> Task instructions: Would you reproduce the whole listing exactly, dropping any pictures it holds?

> Supplied material:
------

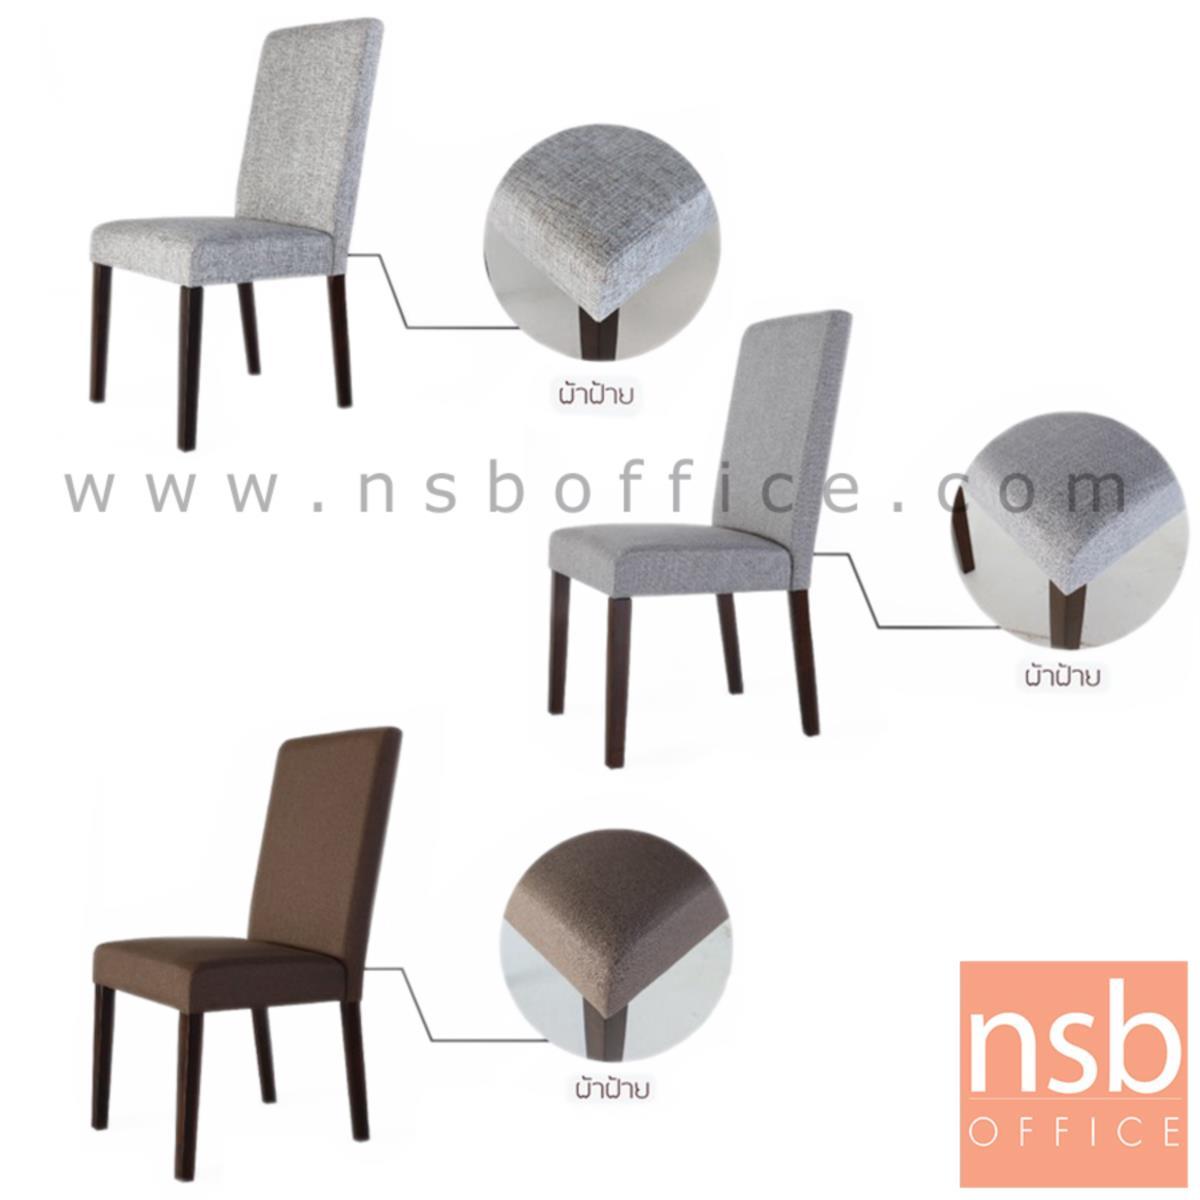 เก้าอี้ไม้ที่นั่งหุ้มผ้า รุ่น SESBAN (ซีสบัน)  ขาไม้
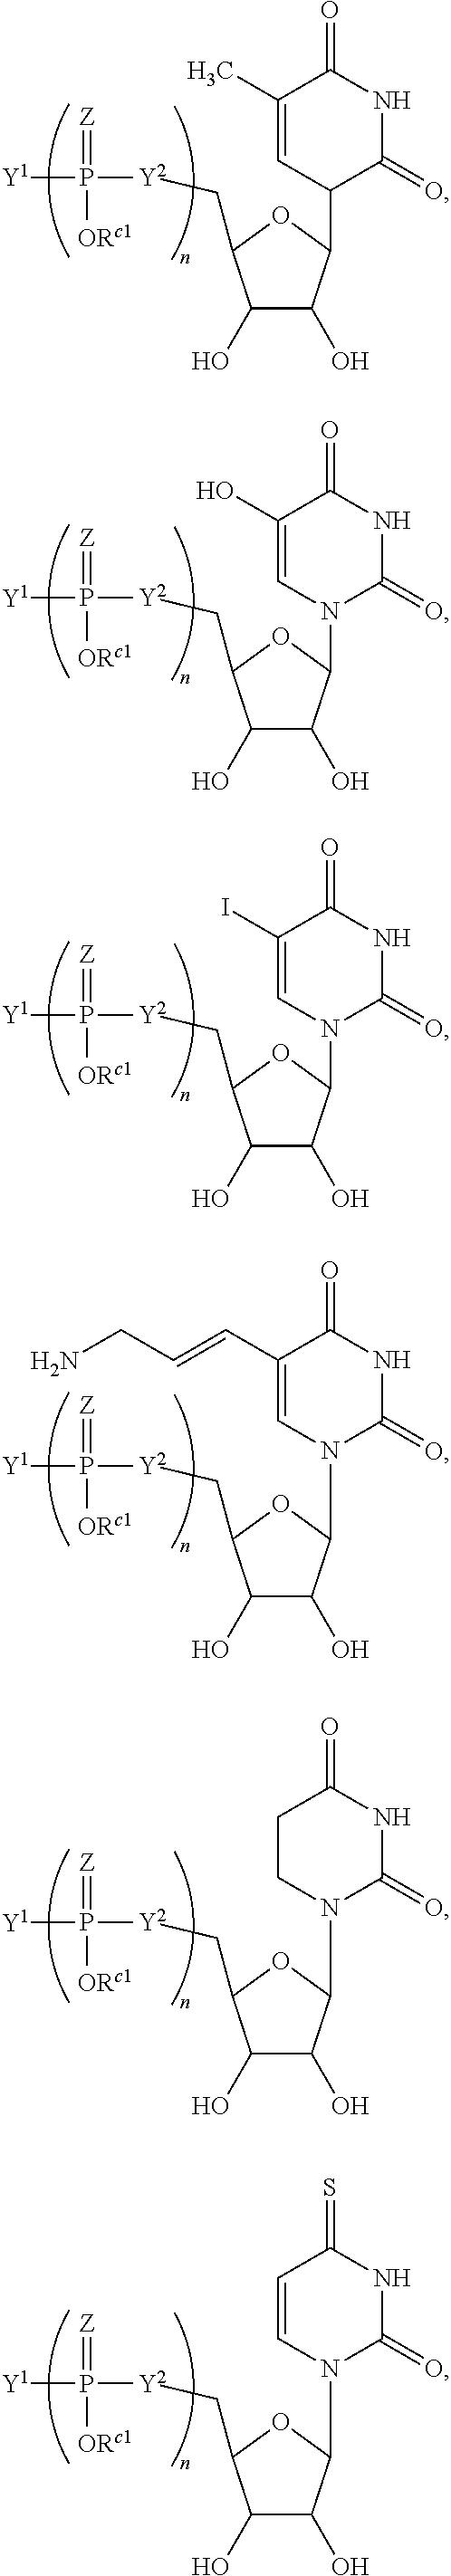 Figure US09334328-20160510-C00021
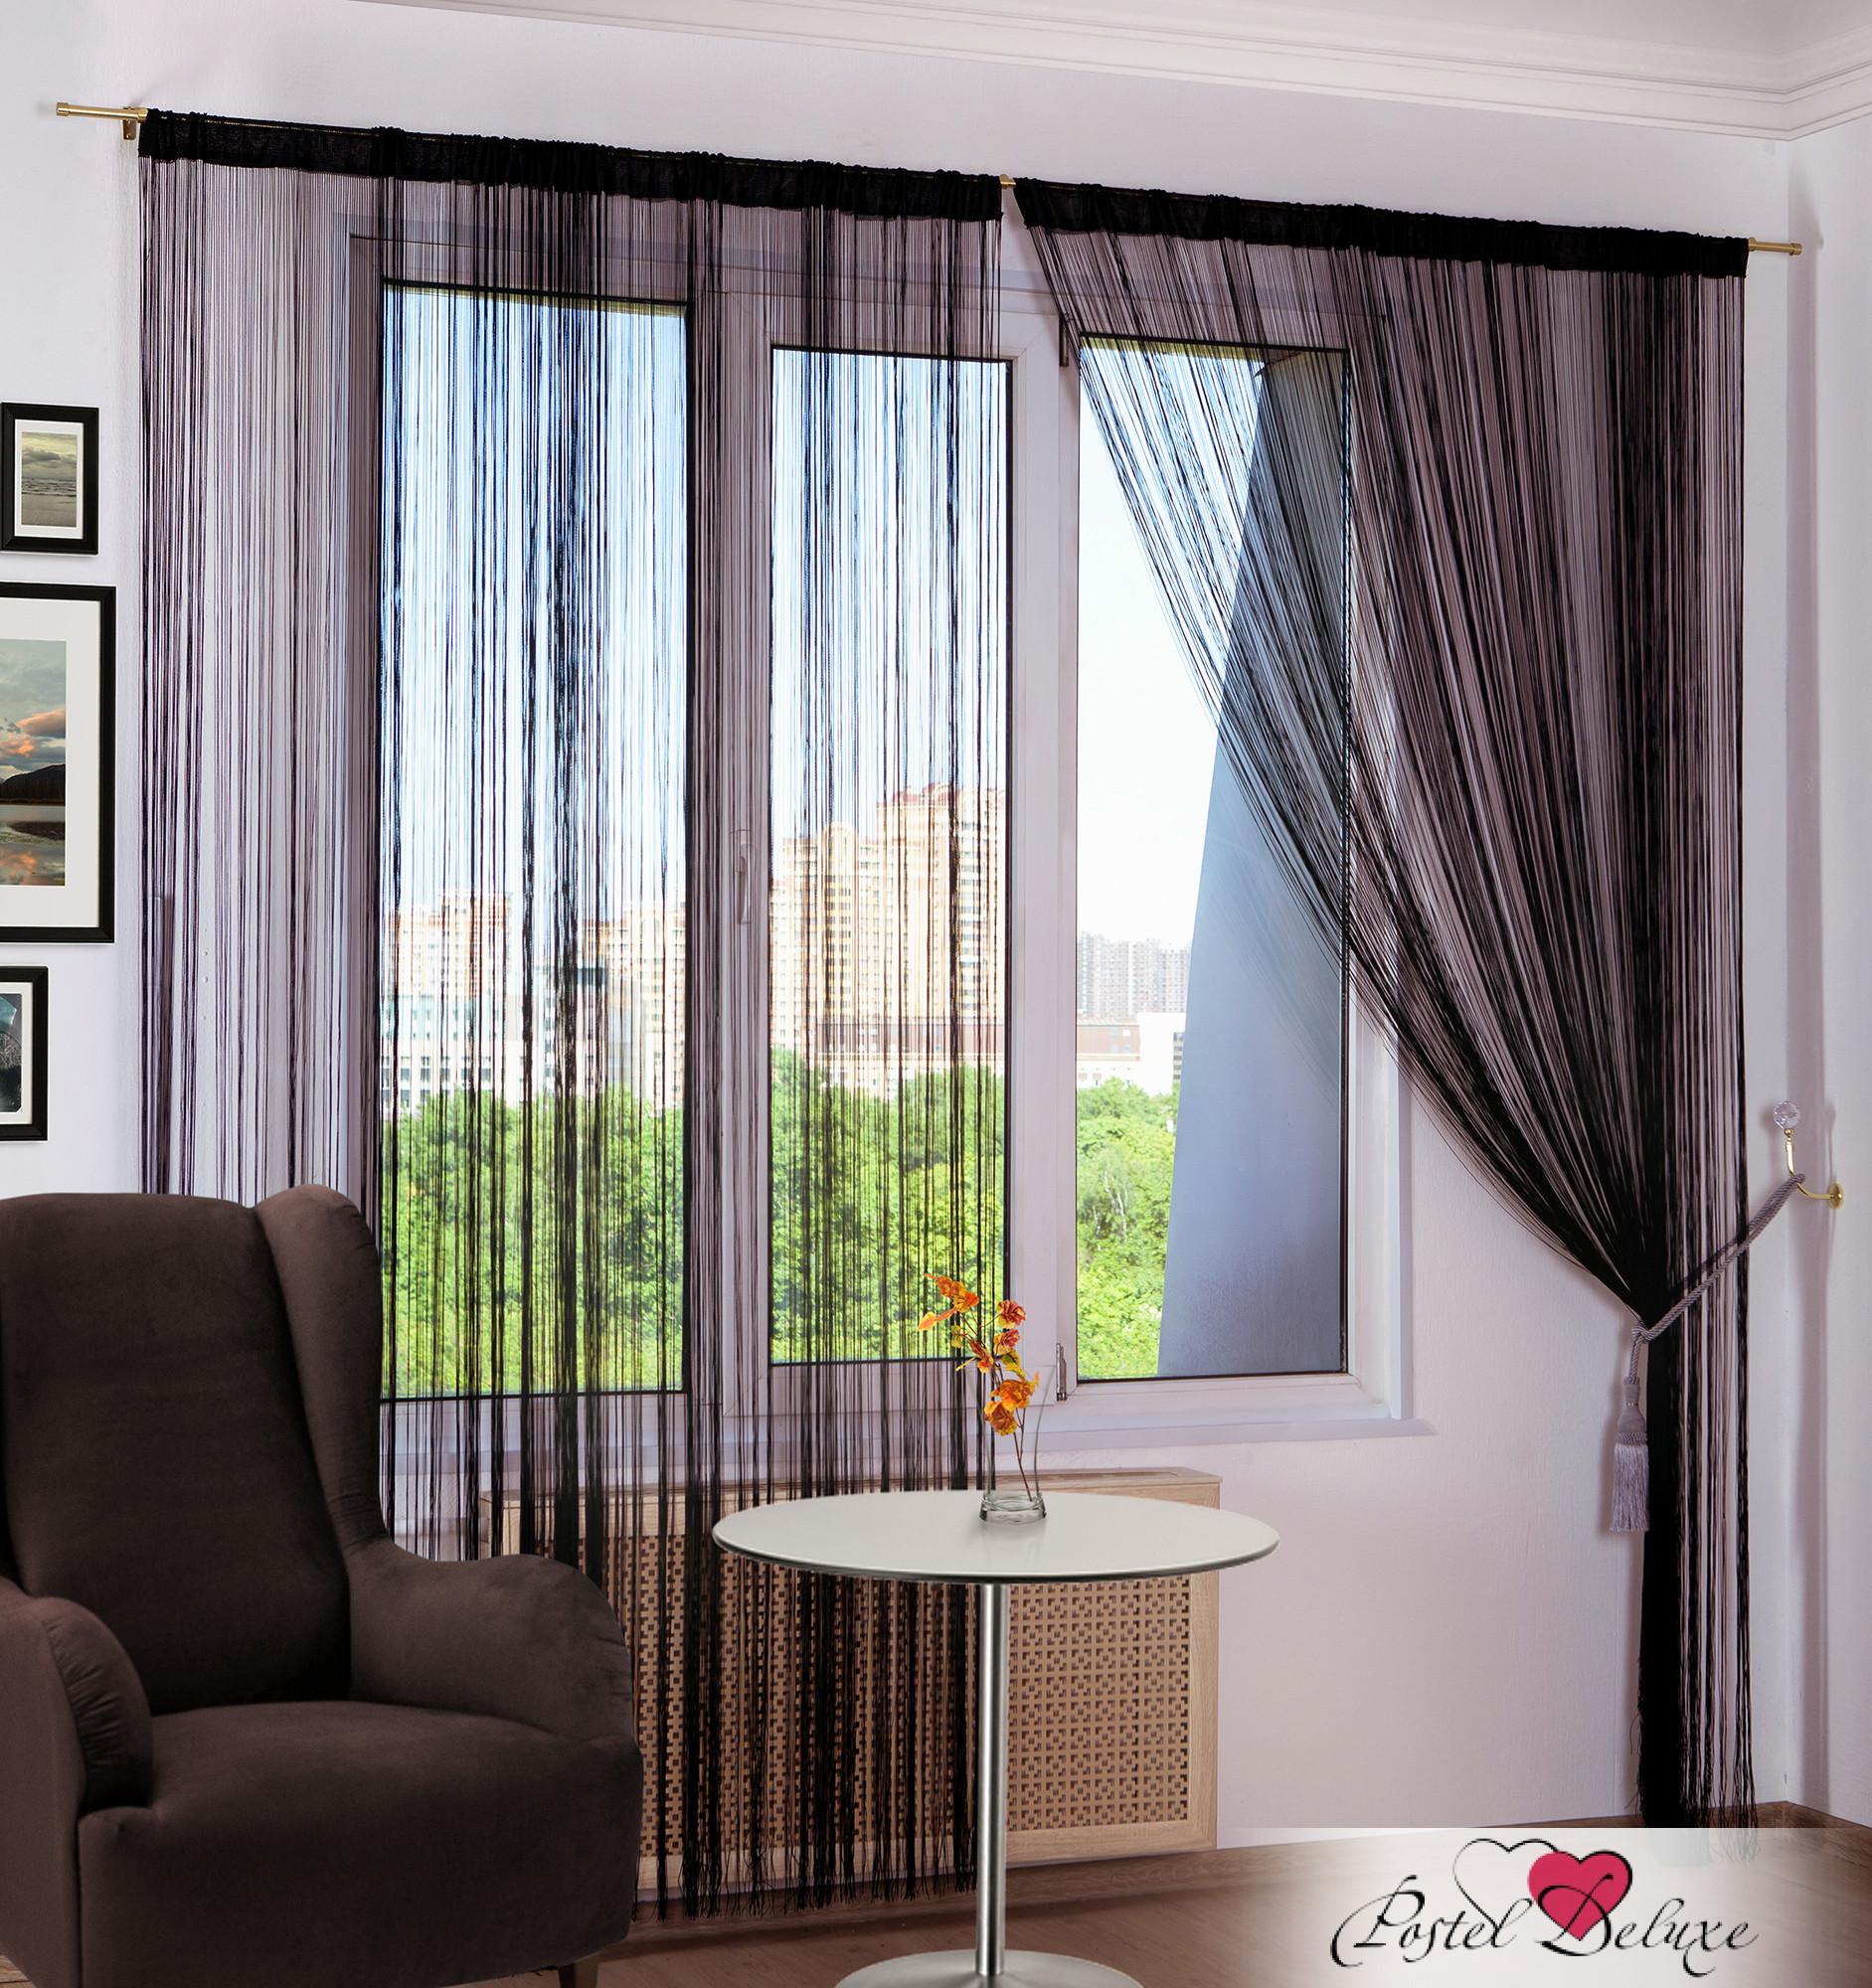 Занавески в спальню — 120 фото красивых идей, лучшие варианты применения и современные варианты сочетаний
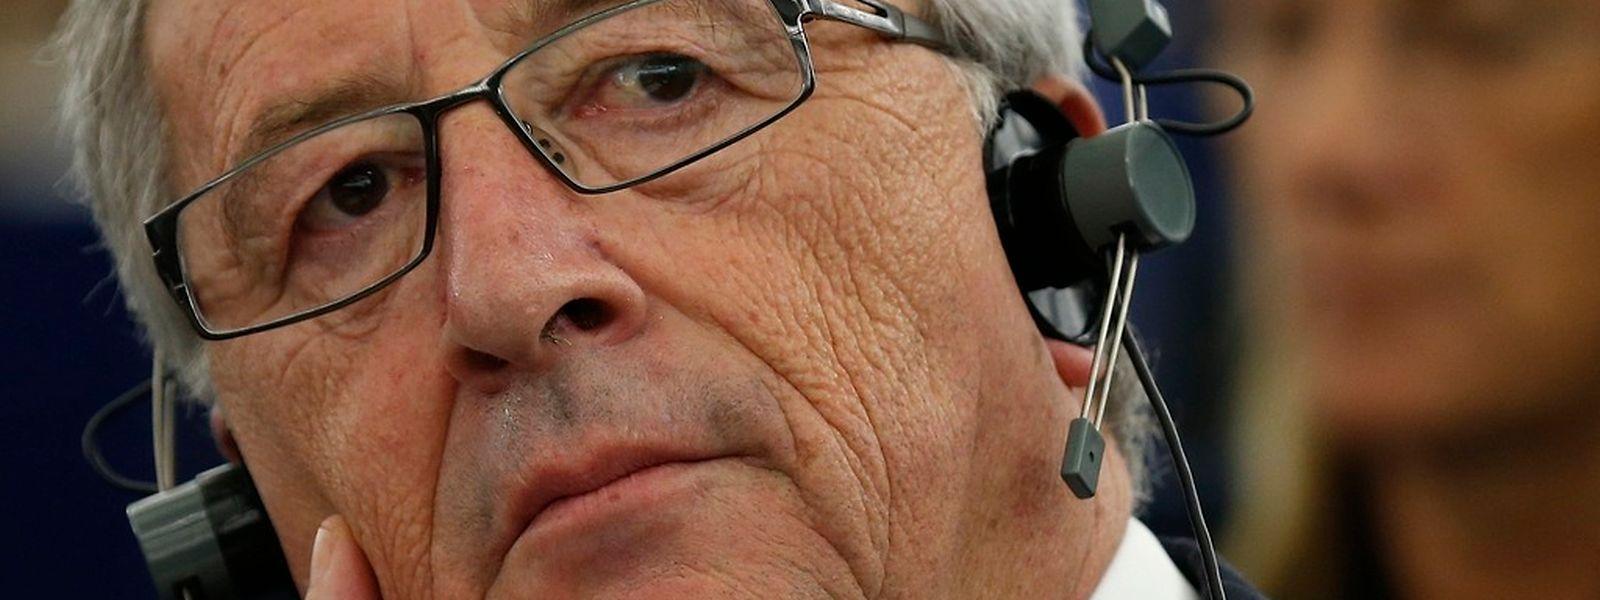 Der künftige EU-Kommissionspräsident Jean-Claude Juncker will die Bürokratie in der EU-Kommission abbauen.

------

> Written response:
 เก้าอี้ไม้ที่นั่งหุ้มผ้า รุ่น SESBAN (ซีสบัน)  ขาไม้
 Figure US09334328-20160510-C00021
 Занавески в спальню — 120 фото красивых идей, лучшие варианты применения и современные варианты сочетаний
 Der künftige EU-Kommissionspräsident Jean-Claude Juncker will die Bürokratie in der EU-Kommission abbauen.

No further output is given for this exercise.